Unreal, had 3 days off work and thought I’d grab a couple of flex blocks, Wednesday one popped up in the morning but vanished didn’t even have time to click it , decided to change tactics as I know roughly when they are released so nearly gave both hands arthritis by swiping and clicking it was a great technique and BOOM within milliseconds of one popping up it was clicked almost too fast for the phone and the swipe right was absolutely beautiful Usain bolt would be proud, big smile on my face waiting for the green confirmation at the top but nooooo, this block has been taken in RED. 

I’m not sure really what else to do to grab a block now, they go faster than we are able to accept.
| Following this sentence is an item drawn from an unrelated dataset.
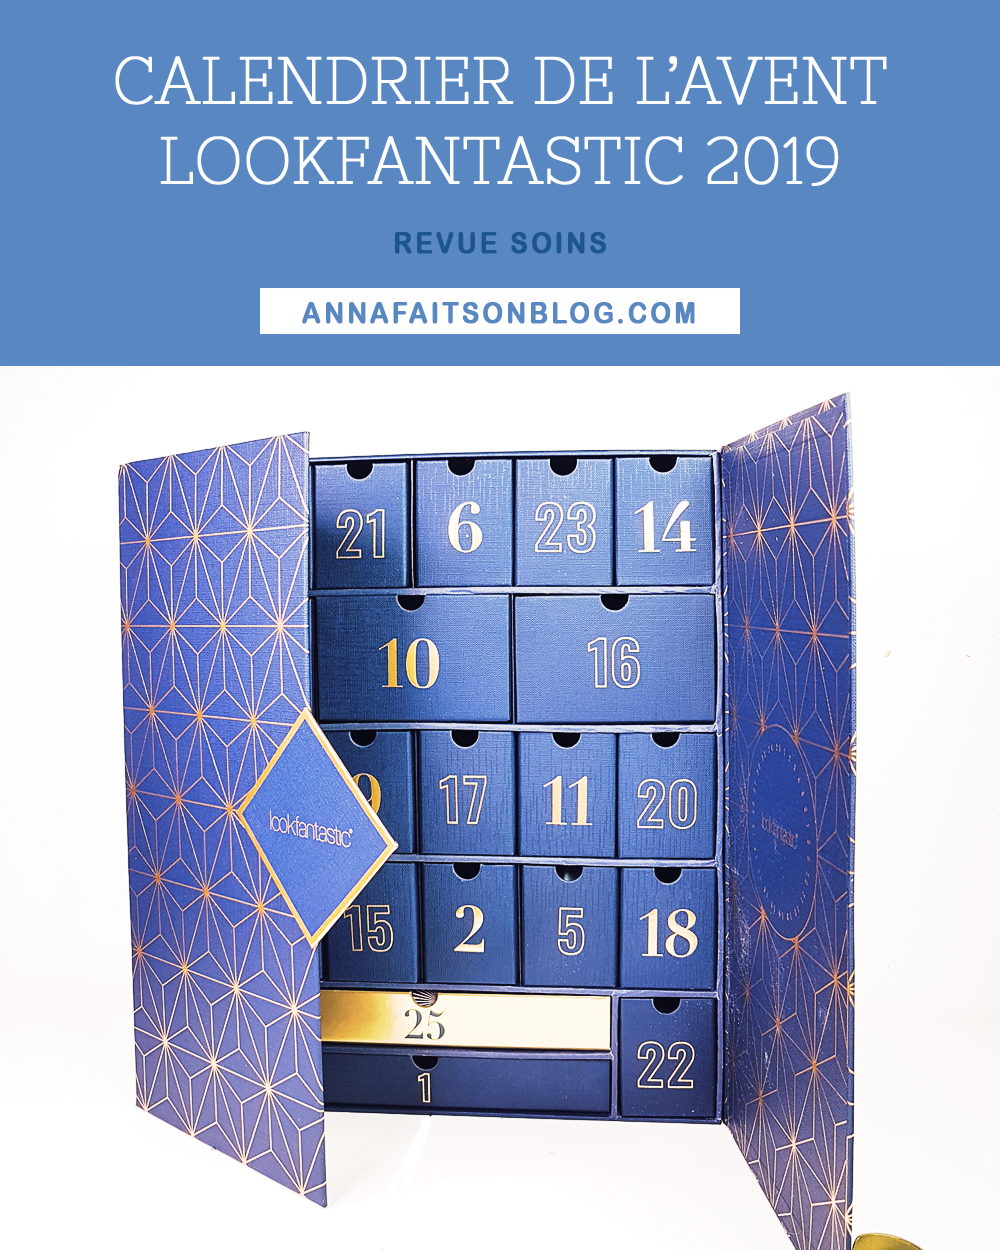 Calendrier Lookfantastic 2019

Soon there will be so many drivers on flex that people will be lucky to get one every month. It’s such a good earner for spending money and extra income but it’s so hard to get a block now.


----------



## Danny3xd (Nov 7, 2016)

Steve, don't they have apps that will grab them for you? Really am asking and dunno.


----------



## SteveF1 (Dec 5, 2017)

Danny3xd said:


> Steve, don't they have apps that will grab them for you? Really am asking and dunno.


Not sure how that would work though as I have like 7 different stations available to choose from.


----------



## Danny3xd (Nov 7, 2016)

Just googled "flex block grabber app" and a bunch of stuff came up. And autocomplete came up with that after typing flex block'.

I do not know anything about it but there's work towards that end.


----------



## Bygosh (Oct 9, 2016)

Danny3xd said:


> Just googled "flex block grabber app" and a bunch of stuff came up. And autocomplete came up with that after typing flex block'.
> 
> I do not know anything about it but there's work towards that end.


Yeah if you want to get blocked and see 0 blocks go ahead and use that stuff. Otherwise focus on lowering latency, phone speed and your swipe/tap combo. If you root your phone Amazon knows. All those services that you pay to get blocks they know about those too. They can and will block you from seeing blocks for using them.


----------



## TBone (Jan 19, 2015)

For a "technology" company you would think they would have a better method for grabbing blocks. Instead, they want to keep people on their phone all day hitting a stupid button


----------